Aishin untuk pertama kalinya menoleh ke arah Rangga, melihat senyum Rangga dan wajah Rangga. Refleks Aishin menyipitkan sebelah matanya. Rangga terlihat begitu menyilaukan. 

Aishin kembali mengalihkan pandangannya ke depan. Rangga memang akan ikut ke Bandung, ditemani satu pegawai GSR lainnya. Mereka akan menemani Maiko dan Aishin selama tiga hari mereka menginap di villa itu, memastikan keselamatan kedua kakak beradik, tapi terutama memastikan keselamatan Aishin.

Rangga terlihat lumayan percaya diri dengan rencana Maiko, tapi apa anehnya? Baik Maiko maupun Rangga jenis orang yang selalu berhasil dan sukses dalam hidupnya. Mereka jenis orang-orang yang memperjuangkan hidup mati-matian, berusaha mengubah nasib dengan semangat.

Sebaliknya, Aishin tak punya semangat yang sama. Dia hanya bisa merespon segala yang yang terjadi pada dirinya, tanpa benar-benar punya inisiatif untuk mengambil langkah pertama.
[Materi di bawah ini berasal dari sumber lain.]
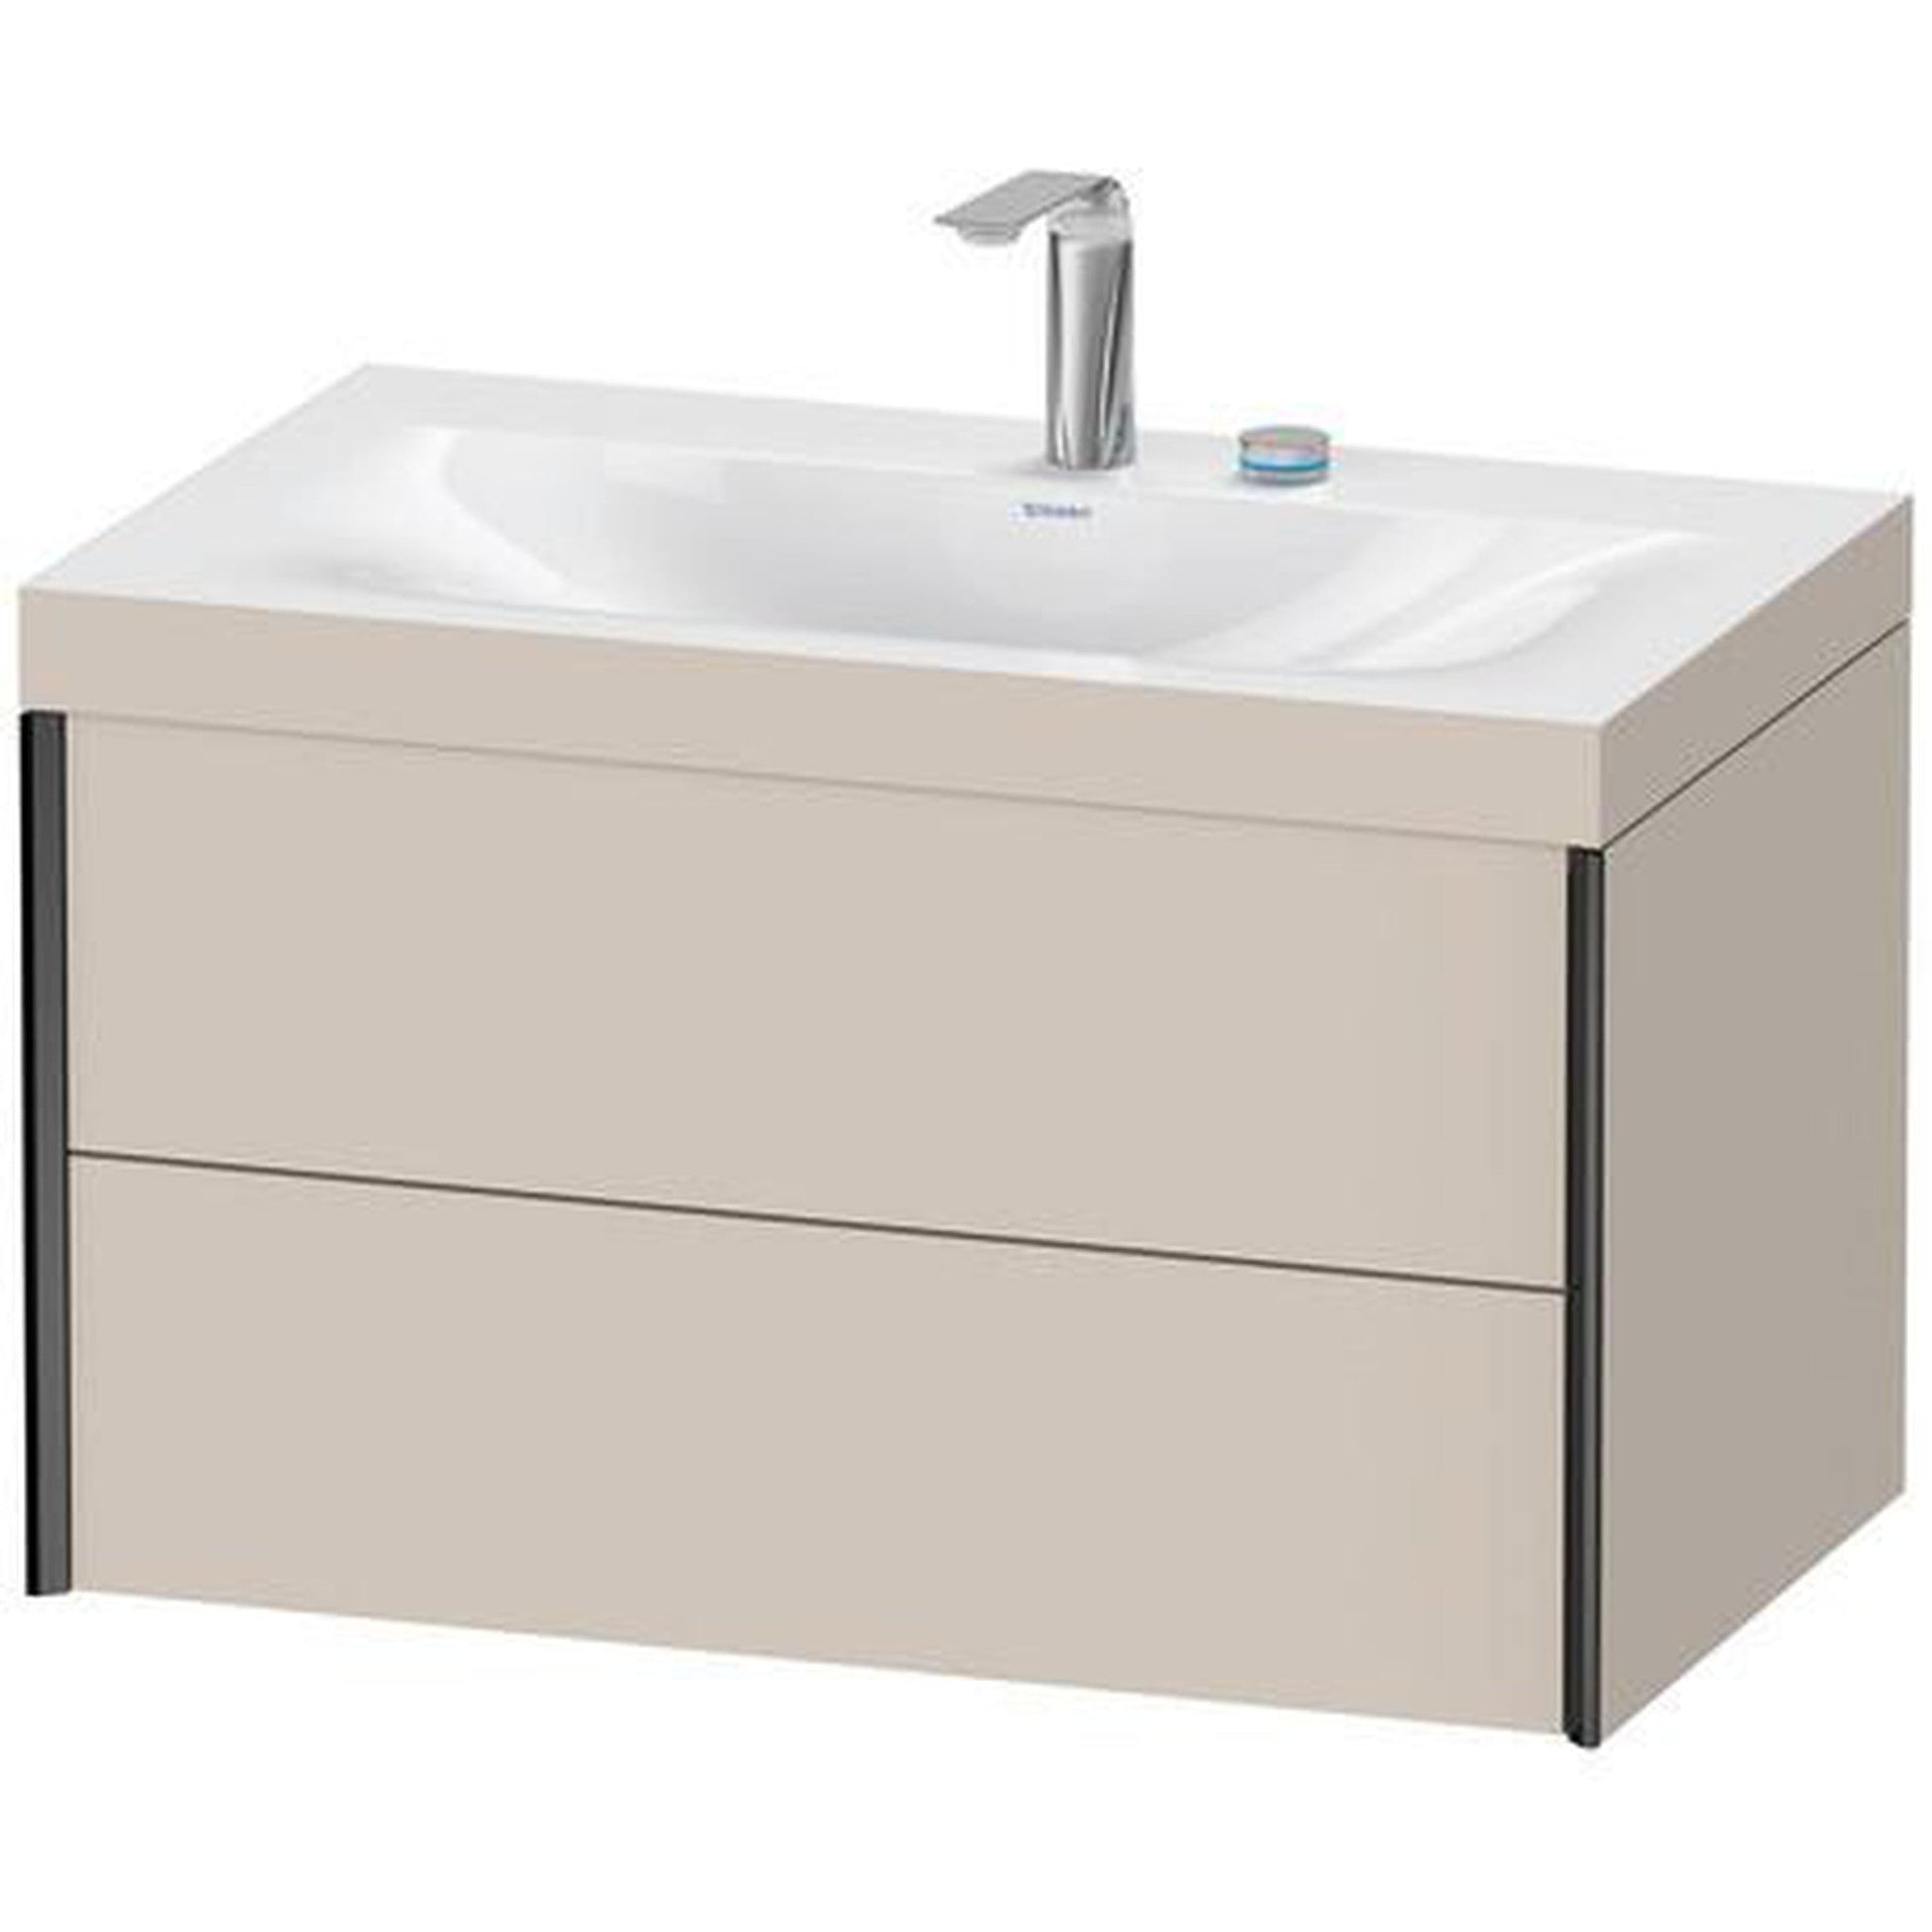 Duravit Xviu 31" x 20" x 19" Two Drawer C-Bonded Wall-Mount Vanity Kit With Two Tap Holes, Taupe (XV4615EB291C)

Aishin lebih suka jadi penonton, melihat orang-orang di sekitarnya keren dan cemerlang ditempa kehidupan.

Aishin membiarkan hidup terjadi padanya, alih-alih memperjuangkan hidup yang dia inginkan. 
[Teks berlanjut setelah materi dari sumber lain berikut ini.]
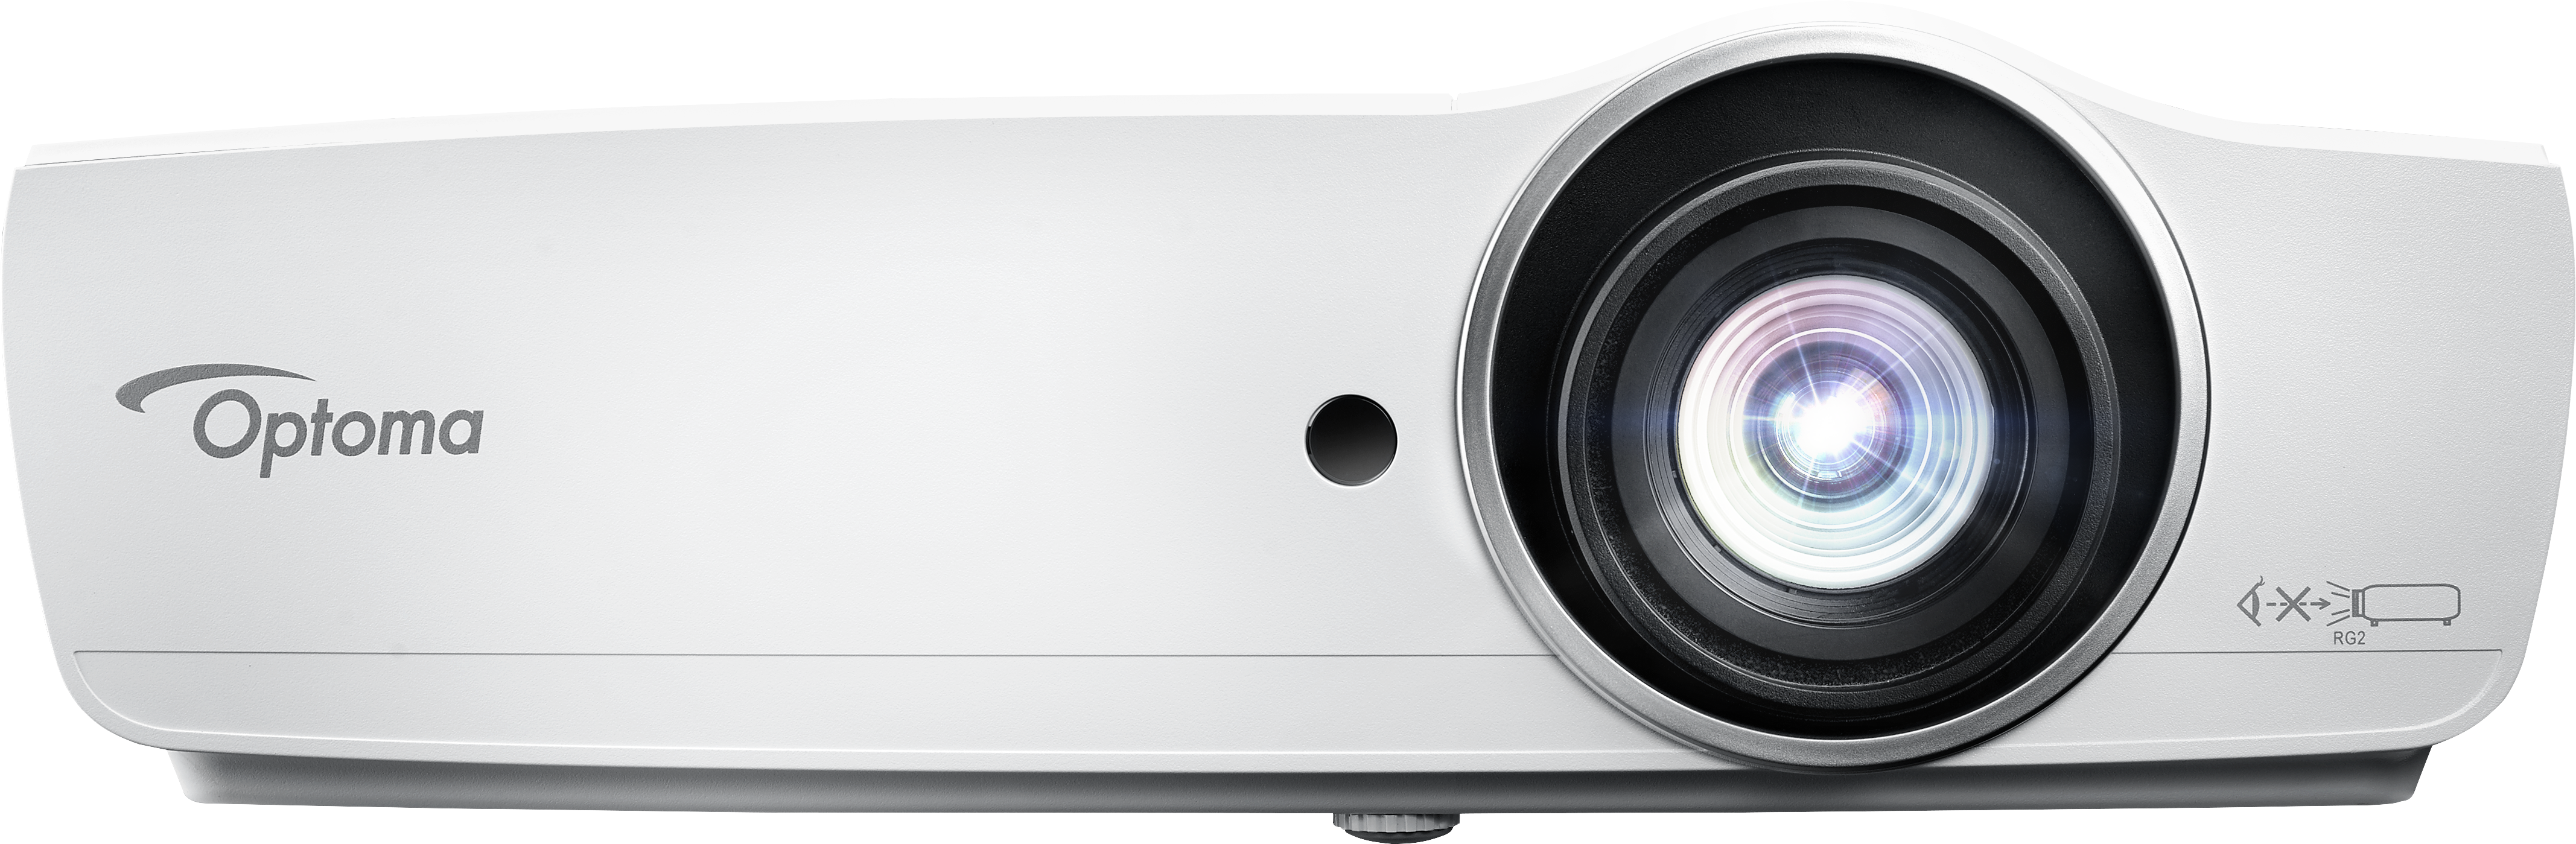 Optoma Projectorwith Lens Flare PNG

"Kamu masih ragu dengan rencana ini?" tanya Rangga. "Sampai nggak bisa senyum dari tadi..."

Aishin kembali menghela napasnya, bahunya terkulai lesu. "Maksudku, normal nggak sih kalau aku khawatir nanti pas pelaksanaannya nggak semudah yang dipaparkan Kak Maiko? Mendekati tiga orang yang Kak Maiko curigai sebagai pelakunya, dan melihat siapa yang kemungkinan pelaku utamanya? Wajar nggak sih kalau aku takut... celaka?"
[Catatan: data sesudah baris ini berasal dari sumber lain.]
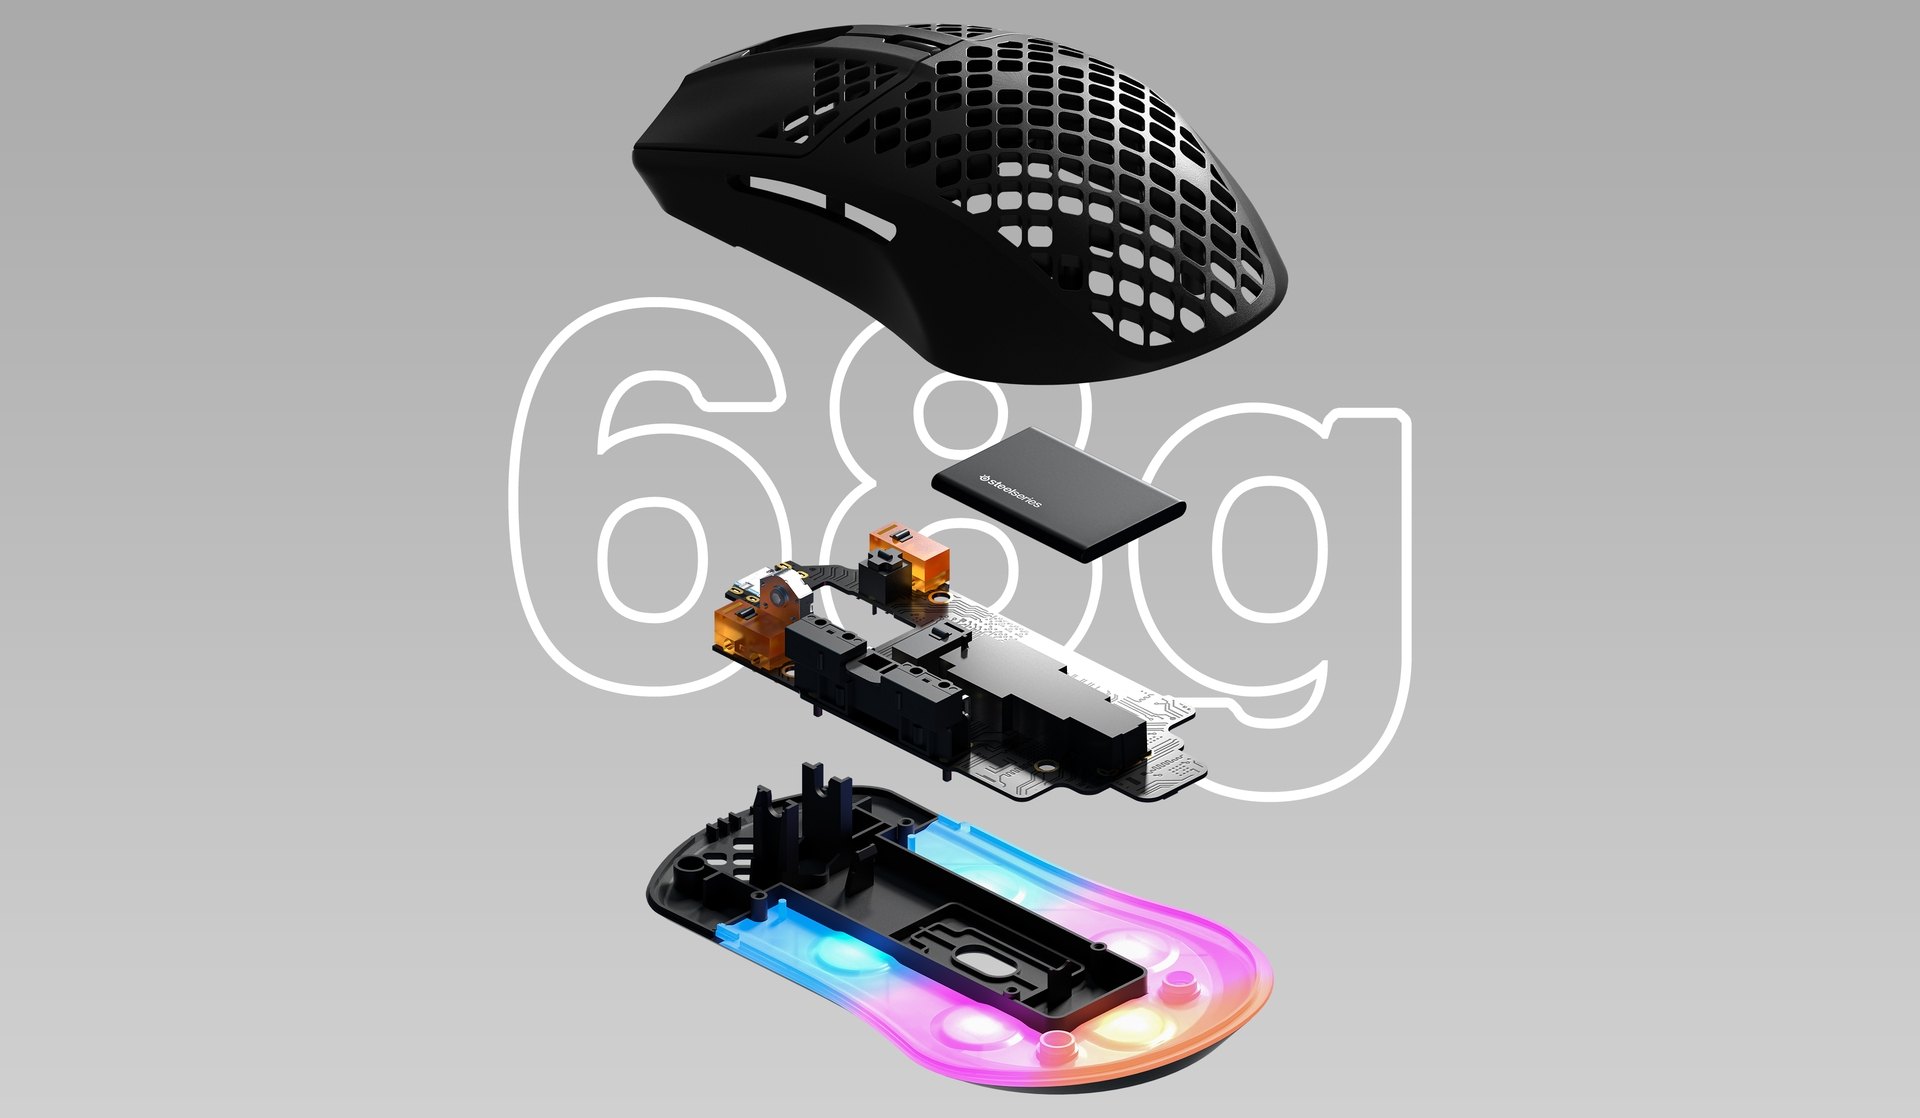 Aerox 3 Wireless 2022 mouse, with all the parts shown vertically. Text behind image reads "68 g".

Sesuatu yang dingin menyentuh pipi Aishin.

Aishin mengira Rangga menempelkan botol di pipinya, tapi saat dia menoleh, Rangga terlihat sedang menarik tangannya.

"Ada bulu mata di pipimu," kata Rangga.

Refleks, Aishin mengambil tangan Rangga, menggenggamnya erat dan menariknya ke dekat wajahnya.

Benar saja, di ujung telunjuk Rangga, ada sehelai bulu mata halus. 

Masih sambil menggenggam tangan Rangga yang dingin, Aishin mengambil bulu mata itu menggunakan telunjuk dan jempolnya. "Aku sedang mengkhawatirkan soal nasibku, kenapa Pak Rangga malah ngeribetin bulu mata," gerutu Aishin.

"Aku sudah melihat bulu matanya dari tadi. Sudah menahan diri dari tadi juga, tapi akhirnya gagal," kata Rangga. "Aishin, tolong, bisa nggak kamu lepaskan tanganku dulu?"

Aishin merasa tangan Rangga lebih dingin dari tangannya dan dia merasa agak enggan melepaskannya begitu saja.

Jadi Aishin malah menggunakan kedua tangannya untuk menggenggam tangan Rangga dan menahannya. "Coba jawab dulu, wajar nggak kalau aku takut celaka?"

Rangga menatap Aishin lekat. "Aishin, manusia memang hanya bisa berencana dan berusaha.... Tapi aku janji akan berusaha sekuat tenaga, merencanakan sedetail yang aku bisa.... agar tidak ada apa-apa akan yang terjadi padamu."

Ucapan Rangga cukup memuaskan untuk didengar, dan Aishin melepaskan tangan pria itu.

Setelah itu, entah untuk keberapa kalinya dalam malam ini, Aishin menghela napas panjang.